The cockup factor is much higher on the neck/head area so be warned. I worry about novices bragging about head shots (usually have tactical scopes with BDC's etc) as though its the 'Gold Standard' of shooting skill.
I passed up a nice fallow buck on Wednesday as the neck shot was oh so tempting but the wounding risk too great. Some people will learn from their mistakes and others just keep repeating them.

Try this link for anatomy/practice its very good :D

http://www.jagareforbundet.se/webbjaktskolan/#

Mark
 

sikamalc

Administrator
Site Staff
#16
Taking neck shots on any deer is always a risky business. Having said that if you are a professional stalker, or contractor you should have the knowledge, professional judgement and skill to be able to take a neck shot at a reasonable range (up to 100yds) depending which species you are hunting, over this distance you really are pushing your luck in my opinion.

Neck shots should not be taken as a matter of course, they should only be taken if you have no other option, and you have a cull to complete under difficult conditions, or the animal is wounded and you need to resolve the situation. I do not advocate begginers or those with limited experience taking neck shots.

But even a professional taking neck shots will come unstuck eventually. If you have stalked long enough, and culled enough deer, it will happen one day.
 

geoshot

Well-Known Member
#18
Putting it into perspective, for DSC1 you are expected to achieve a grouping of 4" or less, with let's face it not a great deal of pressure on you at the time, and some find that difficult!!
Now imagine a real neck shot on that living breathing beast in front of you, after you have just belly crawled, or hiked up hill, dale or down. Now you're shaking from all the effort of getting into position and the nerves are playing up. But you must, simply must! be able to achieve sub 1" grouping potential with your first shot.
Be ruthless with yourself and fair to the deer, if there's the slightest doubt at all, leave it or wait for a broadside.
I find neck shots to be a combination of the most worrying and most rewarding shots going, I will take them but only if absolutely sure that I can land it, and again if there is no alternative likely to present itself.

Thanks for that link Mark H, my Swedish isn't too hot but I think I got the idea.
 

JAYB

Administrator
Site Staff
#19
Nothing to do with thread really but, how did this happen.

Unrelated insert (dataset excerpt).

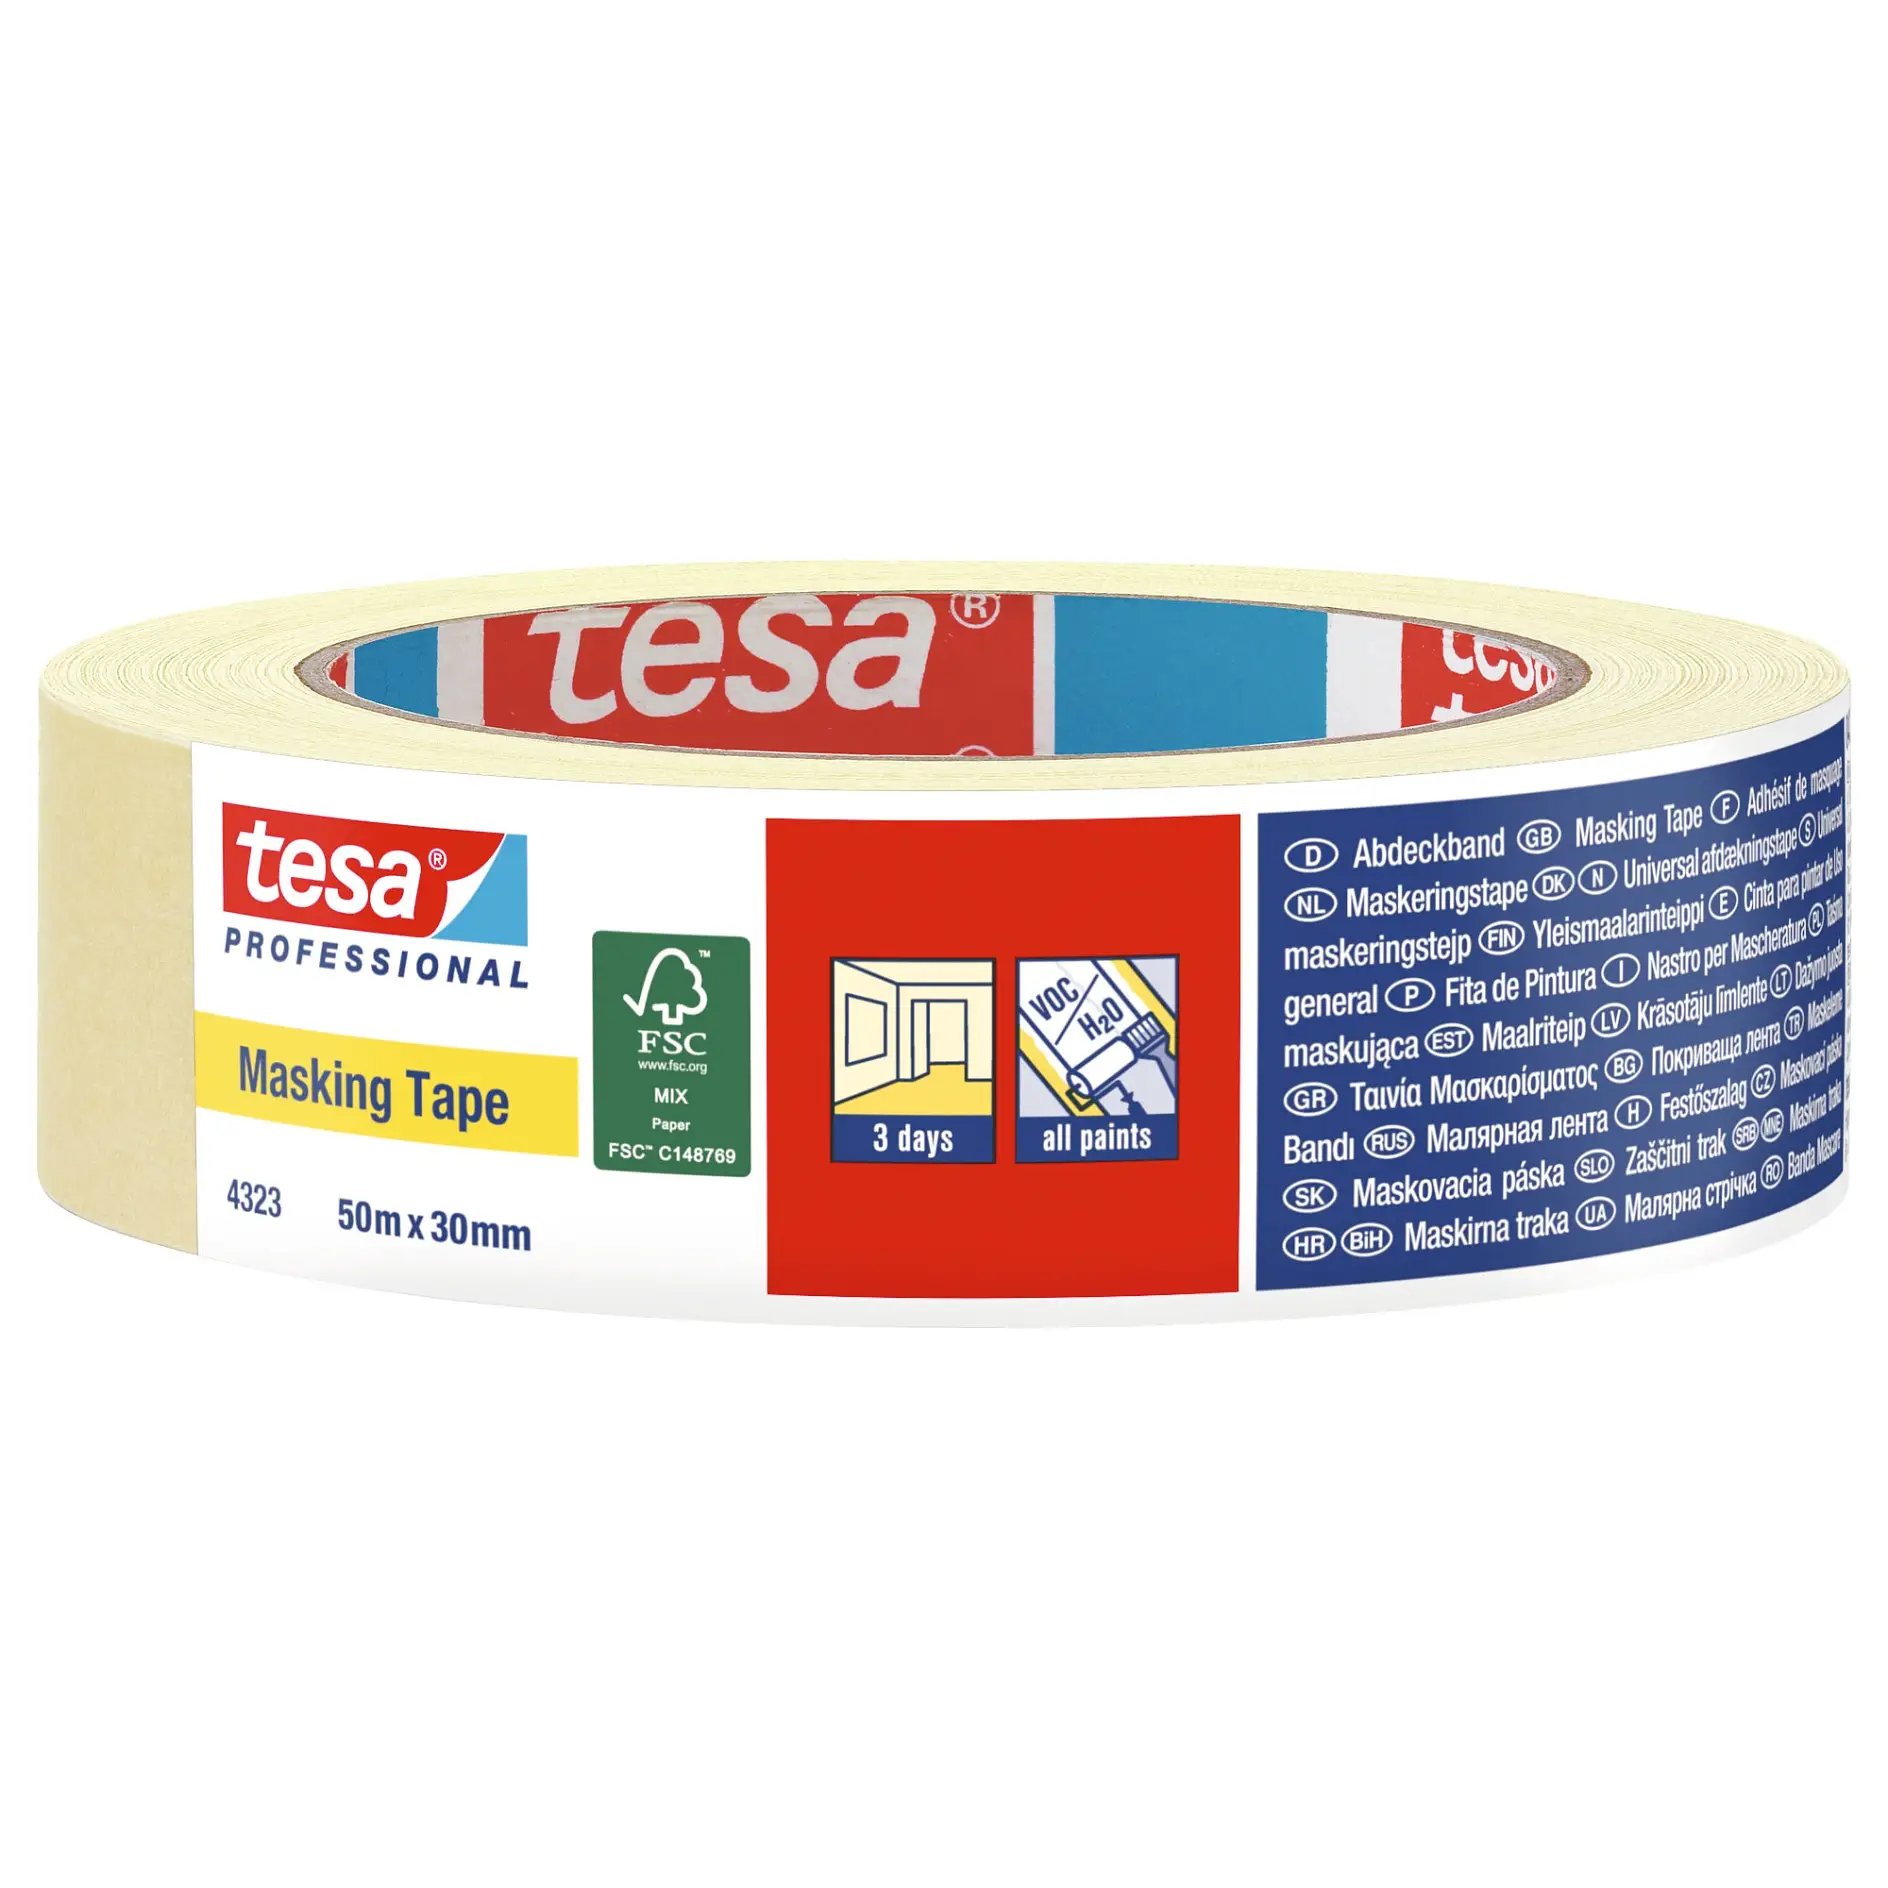 [en-en] tesa Professional Masking Tape 4323, 50m x 30mm

The last two entries I read were from Mark and Malcolm, I then made a entry which referred to these old boys. Now looking at the site again it appears that I made my entry before the other two, I was not even at home when Malc made his entry! I have not had a drink, promise, but this could drive me to it.

John
 

MarkH

Well-Known Member
#20
JayB

Its that bloody time/space continuum again. Tricky thing. Same sort of wierdness where you cant possibly have missed that neck shot at 25m :evil: :evil: :evil: . Sorry sold all my tracking dogs.

Lessons from the Field II

By the way if you do neck shoot and the beast drops like a sack of spuds DO NOT congratulate yourself but reload quickly and safely keeping your eyes on the beast AT ALL TIMES and approach it immediatly with a view to a second finishing shot. This applies to a shots where the animal drops to the shot. Otherwise it may run away while your lighting your rollie.